Those comments reflect past experience in markets that, unlike a raunchy holiday in Bodrum, what happens in Turkey does not necessarily stay in Turkey.
During the summer of 2018, when Mr Erdogan began putting pressure on the CBRT to cut rates and got embroiled in a diplomatic row with the United States over steel and aluminium tariffs, the sell-off in Turkish assets spread to other emerging markets such as South Africa and Indonesia.
What happens next?
Well, for Turkey, the danger is that the government – which during the last year has already burned through half of its foreign exchange reserves – seeks to relieve pressure on the lira by, for example, seeking to limit the amount of business Turkish banks can do with foreign lenders.
There has also been talk of a financial transactions tax.

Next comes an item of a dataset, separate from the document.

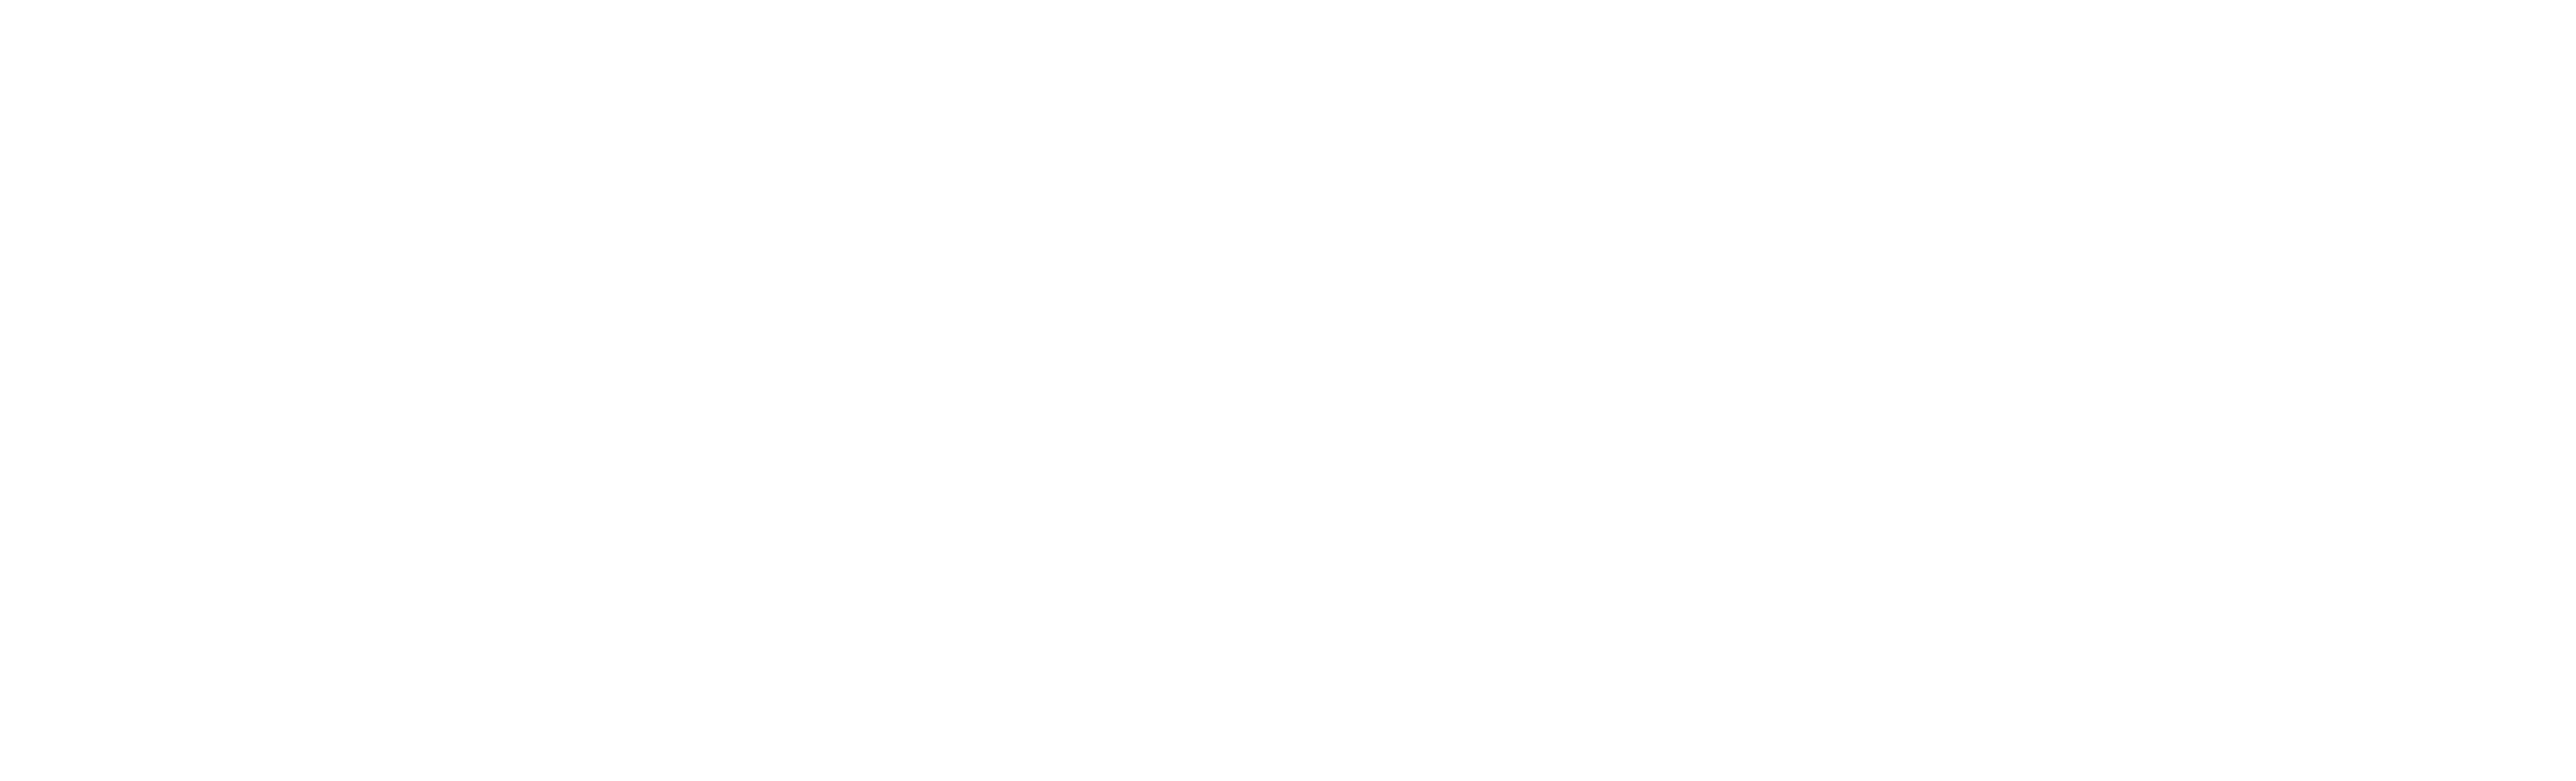 Basply header logo

Countries, like Turkey, which issue large amounts of their debt denominated in US dollars are always exposed when the US dollar rises against their own currency.
With markets now starting to price in higher inflation in the US, thanks partly to the $1.9trn stimulus enacted by the Biden administration, some investors are starting to fret that the US Federal Reserve – which last week indicated it will not raise interest rates much before 2023 – may have to tighten monetary policy earlier than expected.
That would send the dollar higher and create a headache for a lot of emerging economies.
These economies have been busy raising money recently.
Data from the Institute of International Finance suggests that, in January alone, investors snapped up $44.2bn worth of emerging market debt.
Most of that was issued in local currencies like the Turkish lira but a decent chunk of it will have been denominated in dollars.
That will concern those investors with memories of the Latin American crisis in the late 1980s and the Asian crisis of late 1997.
No-one wants to see a re-run of those events – but what has happened in Turkey this weekend has raised the possibility of trouble ahead.